Элия ободряюще улыбнулся мальчишке по левую руку. Тот не ответил. «Слепец, бедолага», — обожгла догадка священнослужителя. Это было заметно по бессмысленному взгляду на живом и умном лице. Слова ободрения и сочувствия застряли в горле. Да и к чему они?
Элия перевел взгляд на безмолвствующего горца, но Зеррик уже налил по второй. Потом, не обращая внимания на такие мелочи, как передых, — по третьей.
«Куда ты гонишь? — хотел сказать Элия. — В Нижний Мир не терпится?»
Но вместо слов у него вышло лишь невнятное мычание. А потом стены комнаты и лица, окружающие его завертелись в веселом хороводе, любимом танце полесовиков-корчевщиков. Он успел заметить костлявые руки музыканта, снова протянутые к бочонку, влажно поблескивающие крепкие зубы горца, вцепившиеся в хвост уклейки, и пухлые руки Барабульки, обвившие шею Тучегонителя. А потом наступило беспамятство.
Очнулся Элия внезапно, как от удара хлыста. Веселые желтые солнечные зайчики на дощатой стене подсказали — рассвело уже давно. Жрец ощутил во рту следы ночевки табуна диких коней. Причем животные не убрались восвояси с пробуждением, а просто переместились в виски, где затеяли веселые скачки.

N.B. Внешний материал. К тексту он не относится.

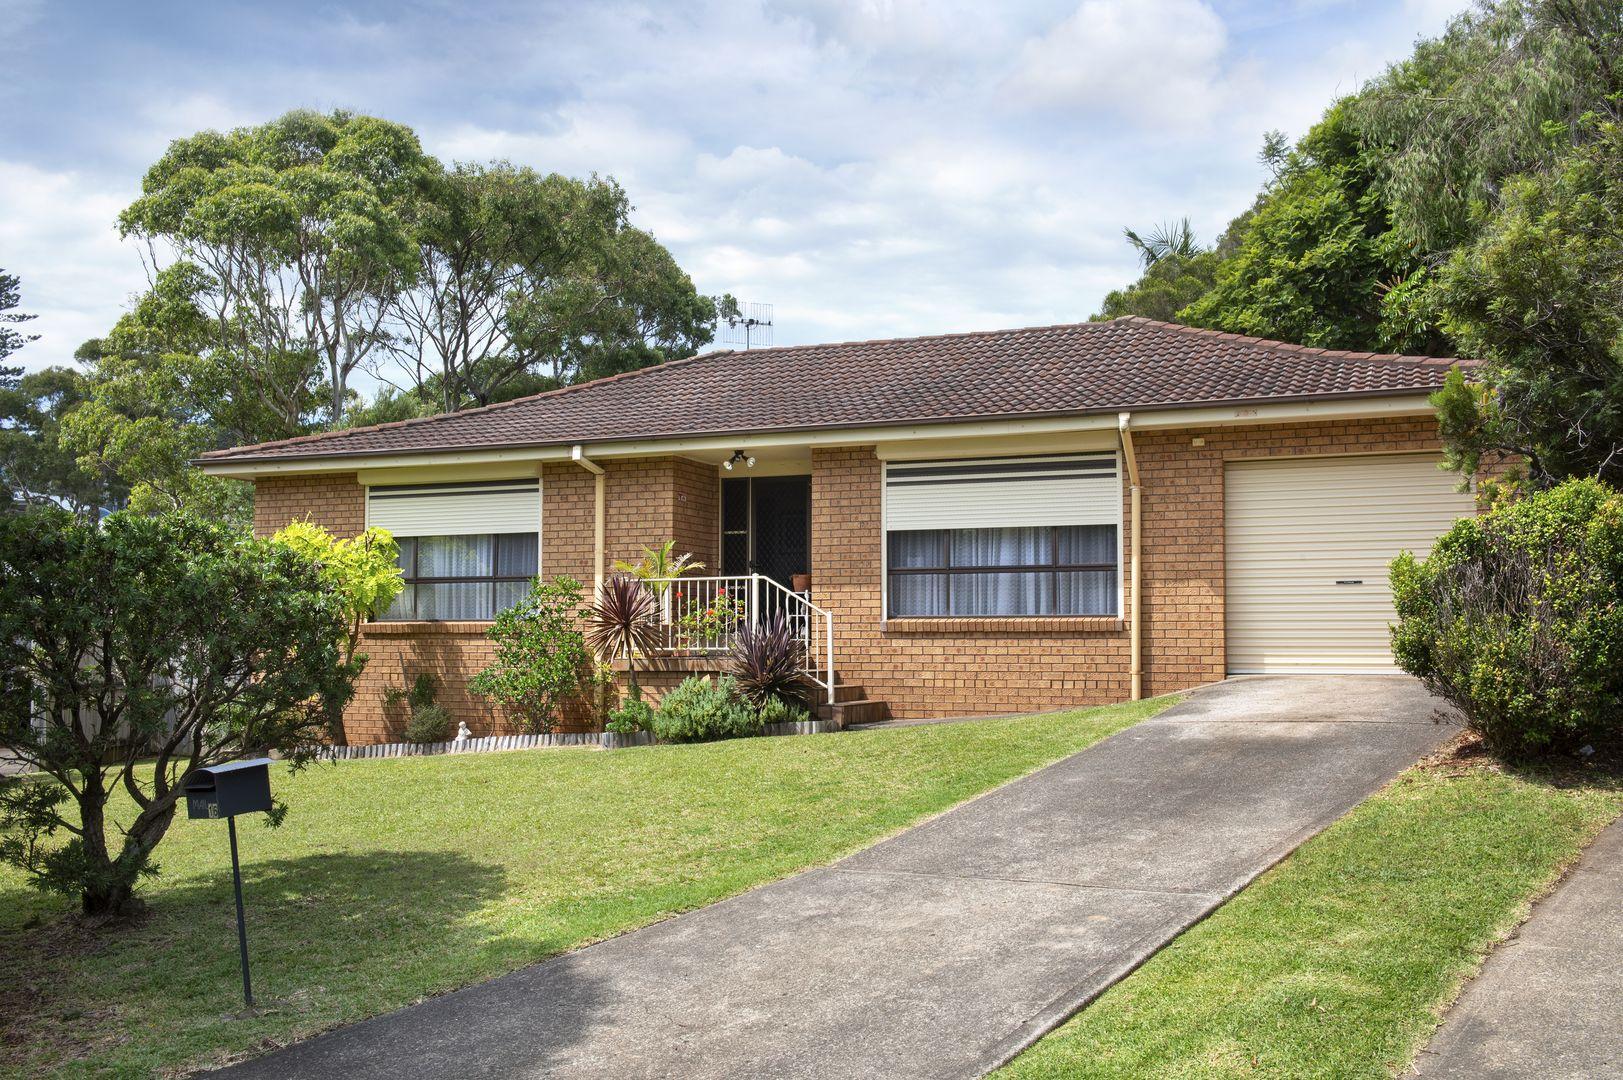 16 Chittick Place, Gerringong NSW 2534, Image 0

Он попробовал воззвать к милости Богов, конюшенные сравнения продолжались — место языка во рту занял копытный рашпиль.
Преодолевая головокружение и тошноту, Элия перевернулся на живот и встал на четвереньки.
— Как же мне плохо, Хортал Всеблагий, — пробормотал он, не уверенный, впрочем, что правильно выговаривает слова.

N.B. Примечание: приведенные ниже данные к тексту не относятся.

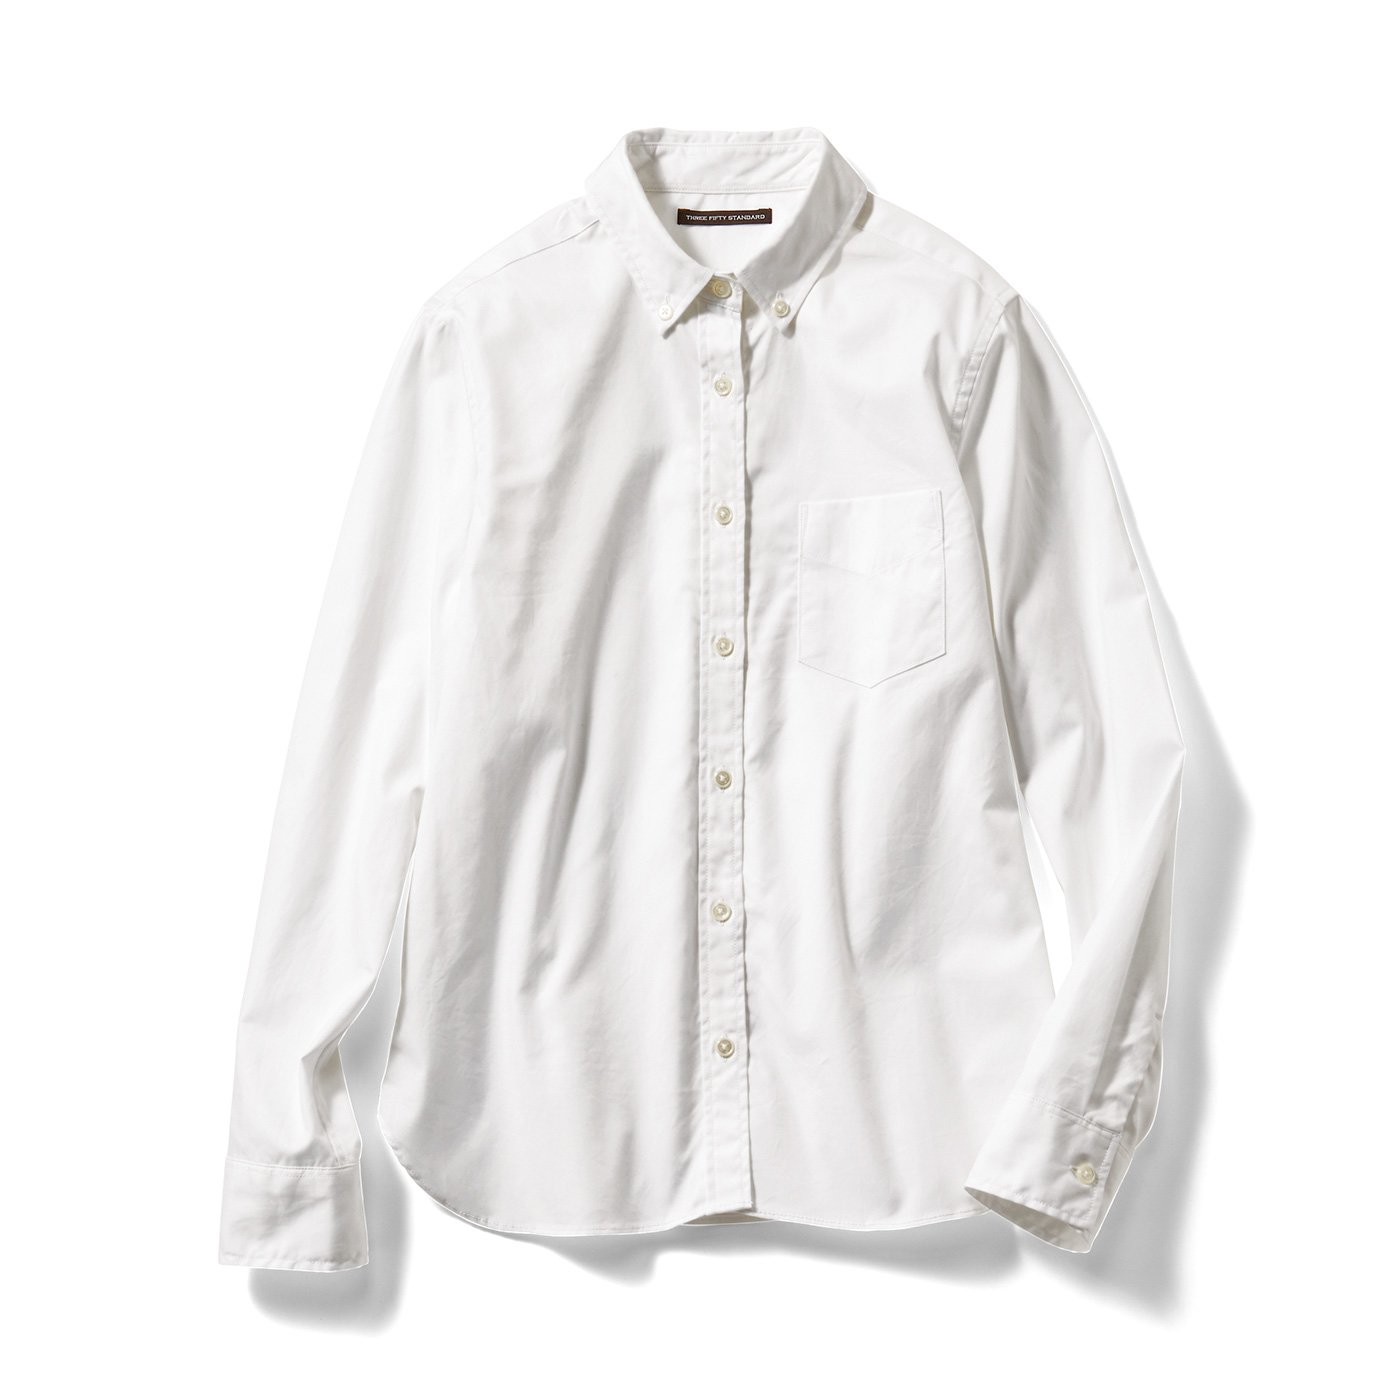 THREE FIFTY STANDARD 定番ボタンダウンシャツ〈ホワイト〉

— Я здесь, — донесся до его ушей спокойный уверенный в своей силе голос.
— А? Что? — жрец, забыв о бедственном состоянии своего здоровья, сел, ошалело уставившись на улыбающегося Бога.
— В чем дело? Ты думал — вчерашнее приключение плод злоупотребления соком лозы виноградной?
— Угу. Надеялся, что все примерещилось.
— Как видишь, нет.
— Жаль, жаль… Сколько я дрых? — ощупывая голову, пробормотал Элия.
— Светило, которое вы в неразумии своем зовете моей колесницей, перевалило зенит.
— Значит, нам осталось существовать всего полдня и ночь…
— И еще пятьсот лет. Самое малое, — неожиданно улыбнулся Хортал.
Странное дело, недостающие вчера зубы были целы и невредимы. Да и сам Бог выпрямлялся, светлел лицом на глазах.
— Ничего не понимаю.
— Хлебни, — мускулистая рука с ухоженными ногтями протянула жрецу кружку с остатками вина.
Элия благодарно кивнул и тут же пожалел об этом.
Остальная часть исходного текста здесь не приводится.